Abstract

The response of the ‘sliced-cylinder’ laboratory model for the wind-driven ocean circulation is studied here in part 2 for the case of an oscillatory ‘wind’ stress. The model consists of a rapidly rotating right cylinder with a planar sloping bottom. This basin geometry contains no closed geostrophic contours, so that low frequency topographic Rossby wave modes possessing mean vorticity exist in the sliced-cylinder model by the physical analogy between topographic vortex stretching and the β effect for large-scale planetary flows.
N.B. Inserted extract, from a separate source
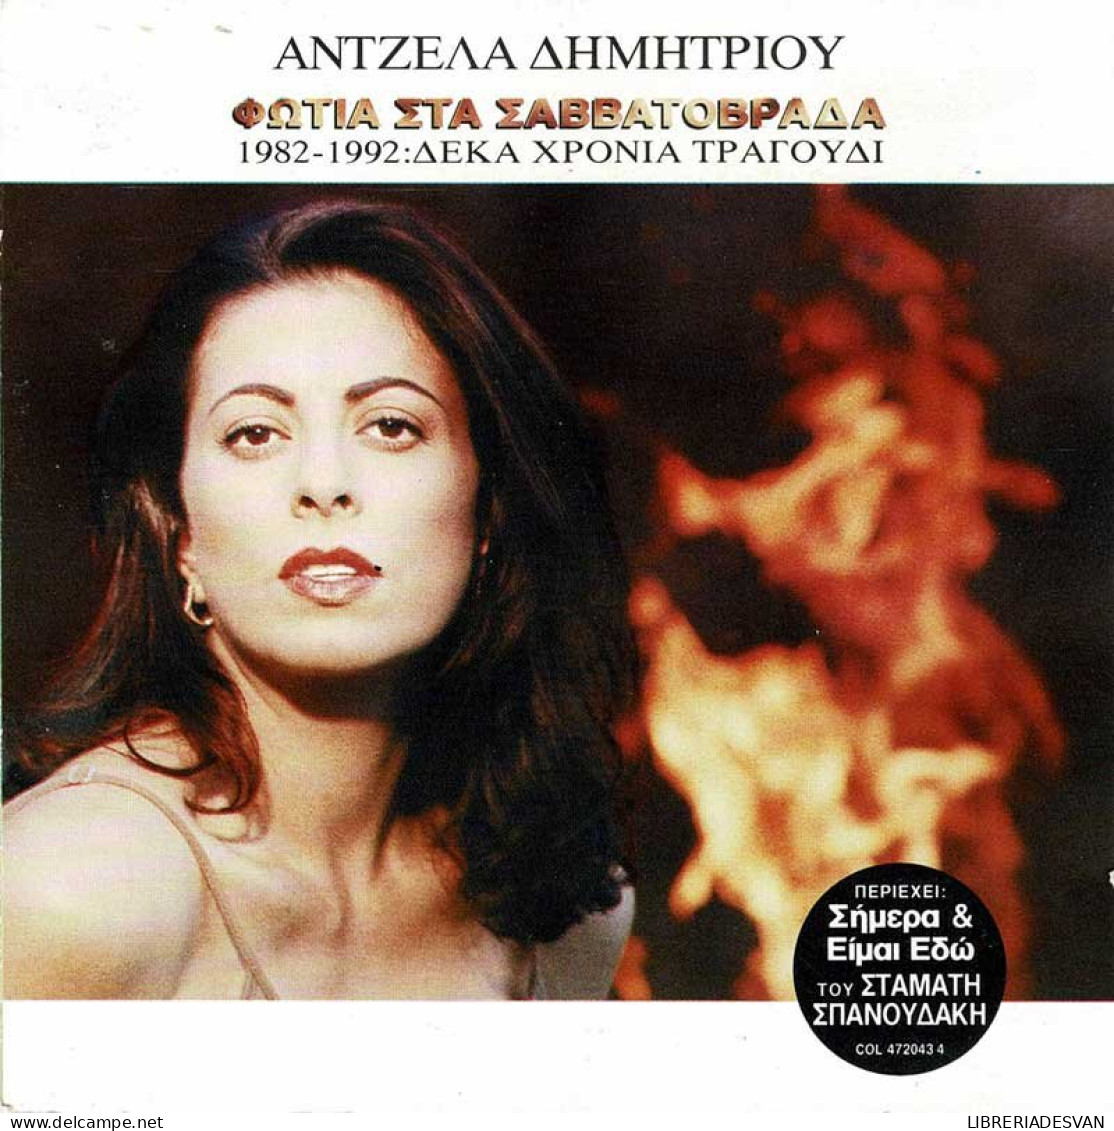 Angela Dimitriou - Fotia Sta Savatovrada. CD - Country & Folk
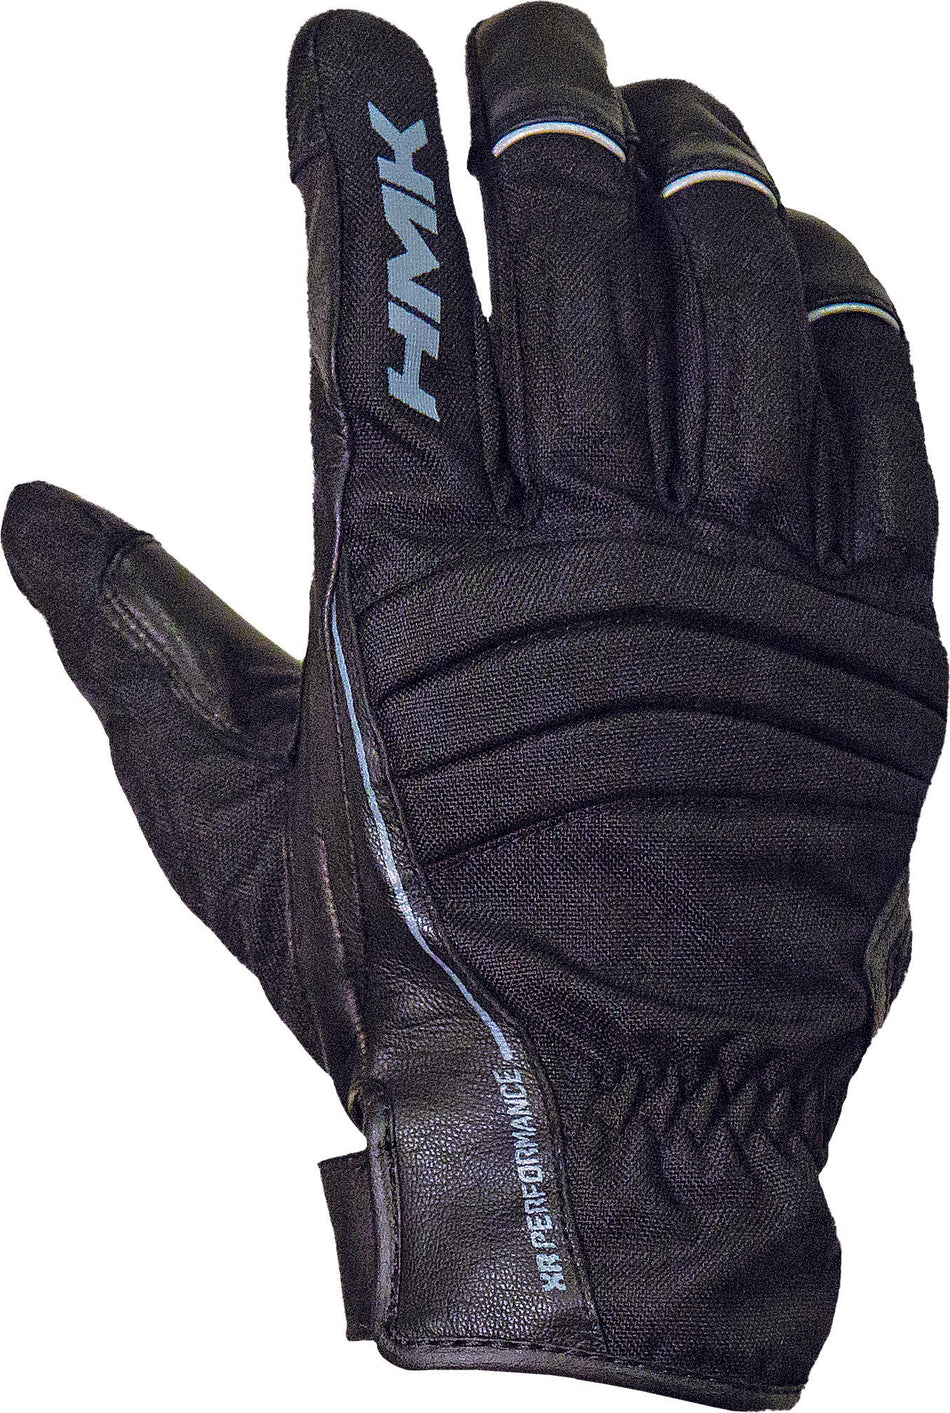 HMK Team Glove 2x S/M Black HM7GTEAB2X

The interior flow in the laboratory model is driven by the time-dependent Ekman-layer suction produced by the periodic relative angular velocity of the upper lid. The frequency of the forcing is sufficiently small that the interior motion is quasi-geostrophic with the horizontal velocities being independent of depth. Simple two-dimensional analytic and numerical models are developed and compared very favourably with the laboratory results. The observed horizontal velocity field exhibits both (i) westward intensification and decreased horizontal scale when the forcing frequency is decreased, and (ii) a significant resonant magnification when the forcing frequency is tuned to the natural frequency of one of the lower inviscid topographic Rossby wave modes. The observed westward phase speed of the driven motion is accurately predicted and shows little dependence on the amplitude of the forcing. The instantaneous and mean Lagrangian fluid particle trajectories were measured in the laboratory model. The general derivation by Moore (1970) of the governing equations for the mean Lagrangian motion are extended to incorporate forcing and Ekman-layer dissipation. The results suggest that the mean Lagrangian flow should be significantly reduced near resonant frequencies, since the mean Eulerian motion is partially offset by the Stokes drift associated with the topographic Rossby wave modes. This result is consistent with the small observed amplitude of the mean Lagrangian motion. Also presented are the results for a laboratory experiment conducted using a combined steady and oscillatory ‘wind’ stress.